Éramos Seis (English: Once We Were Six) is a Brazilian telenovela produced and broadcast by TV Globo. It premiered on 30 September 2019, replacing Órfãos da Terra, and ended on 27 March 2020. It is based on the book of the same name written by Maria José Dupré. The series is adapted by Ângela Chaves, with the collaboration of Bernardo Guilherme, Daisy Chaves and Juliana Peres.

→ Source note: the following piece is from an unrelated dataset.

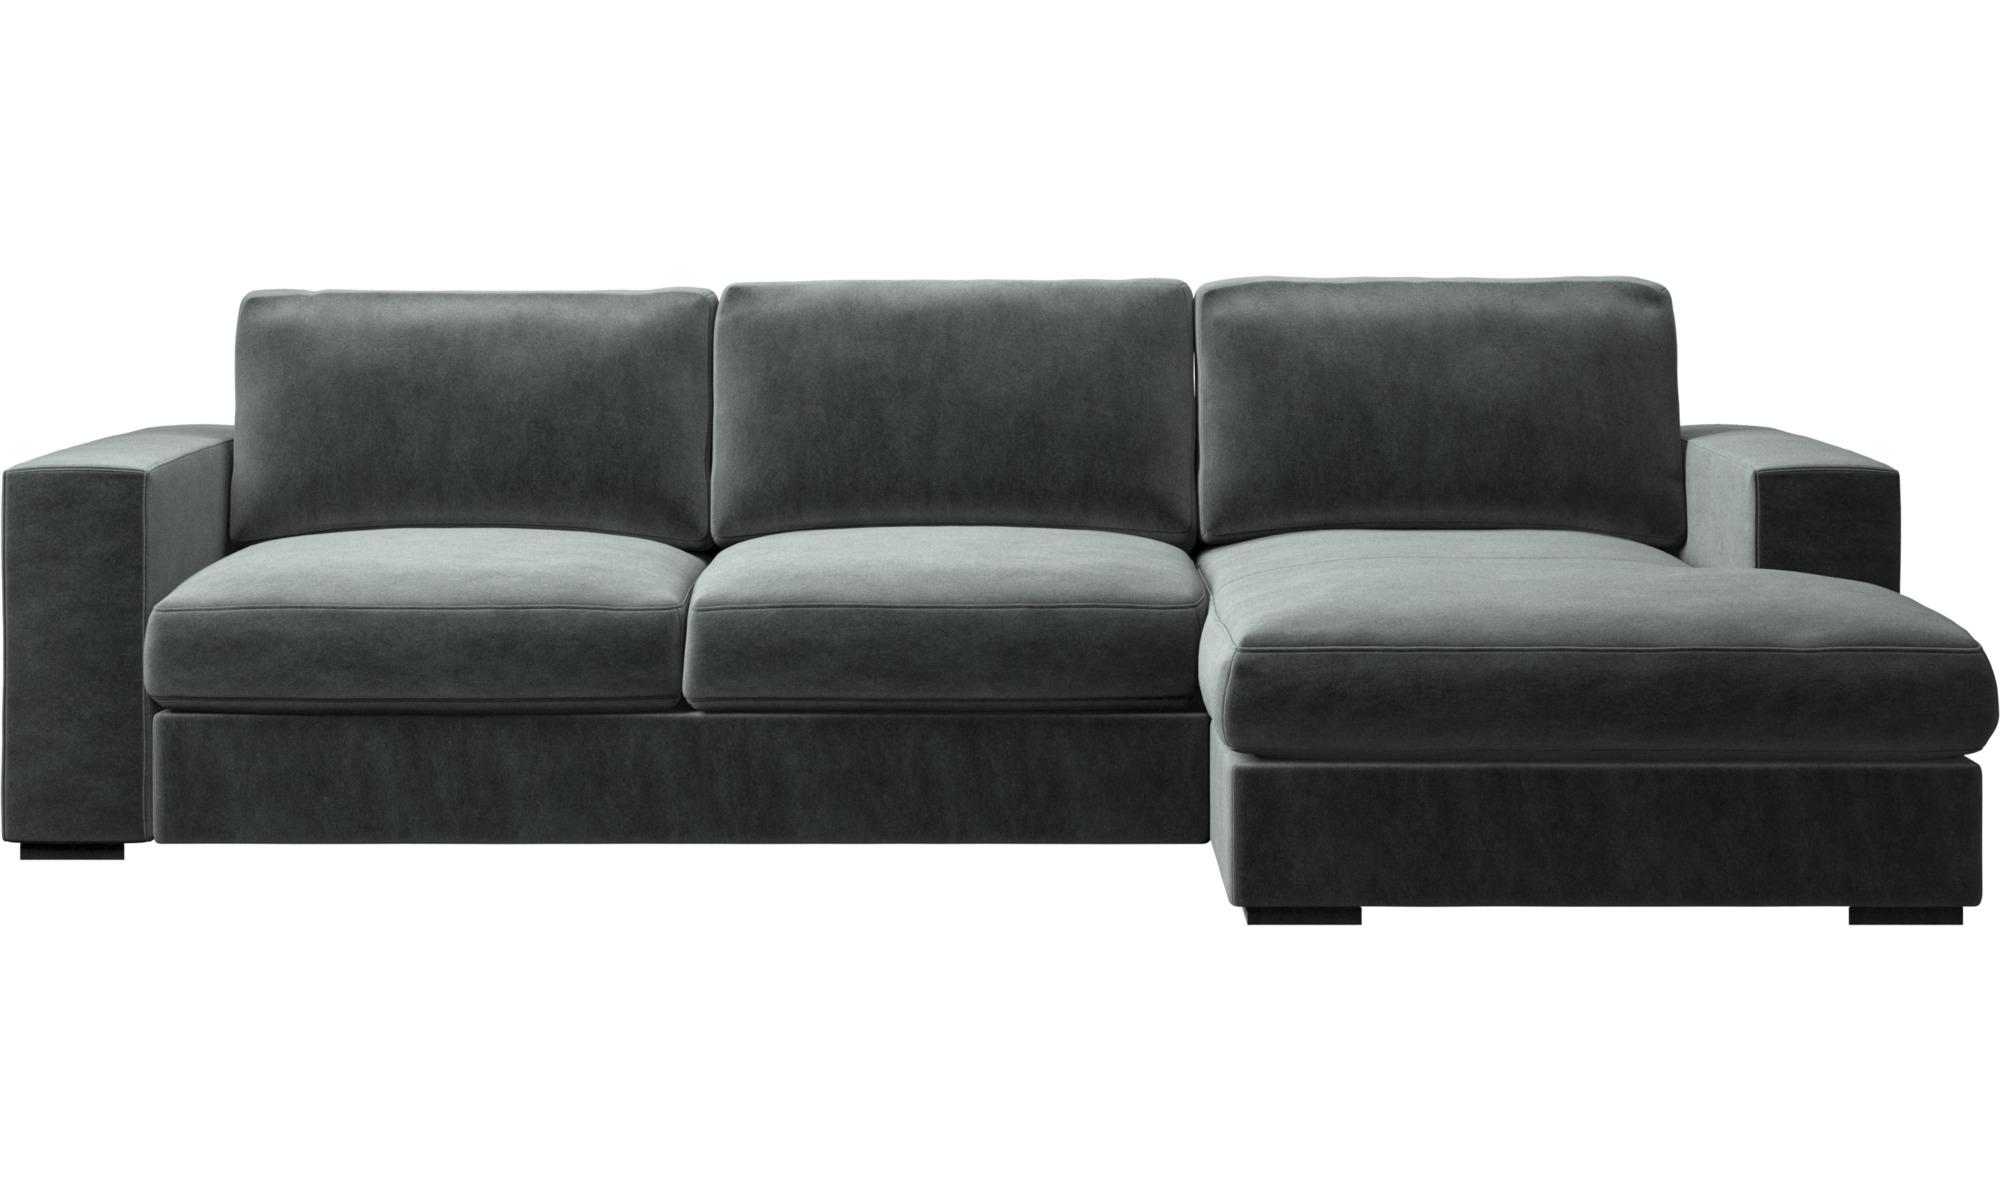 Chaise Longue Sofas Cenova Divano Con

It stars Glória Pires, Nicolas Prattes, Danilo Mesquita, Giullia Buscacio, André Luiz Frambach, Simone Spoladore, Ricardo Pereira and Cássio Gabus Mendes in the main roles.

Plot 
The story tells the life of a middle-class family from São Paulo between the 1920s and 1940s. Lola (Glória Pires) is a kind woman dedicated to her family, is married to Júlio (Antonio Calloni), who aspires to be rich and was indebted to finance a house on Avenida Angélica, in São Paulo; they have four children together. The studious Carlos (Danilo Mesquita) is the pride of the family, but has a troubled romance with Inês (Carol Macedo), whose mother is against the relationship. Alfredo (Nicolas Prattes) lives in conflict with his parents for his rebellious and riotous way, in addition to hating his older brother out of jealousy. The spoiled Isabel (Giullia Buscacio) shocks everyone when she gets involved with Felício (Paulo Rocha), a much older man. Julinho (André Luiz Frambach) dates Lili (Triz Pariz), but aims to rise socially, seeing this opportunity in the romance with Soraia (Rayssa Bratillieri), daughter of the rich Assad (Werner Schünemann), his father's boss. After her husband's premature death, Lola starts selling homemade sweets to support her family.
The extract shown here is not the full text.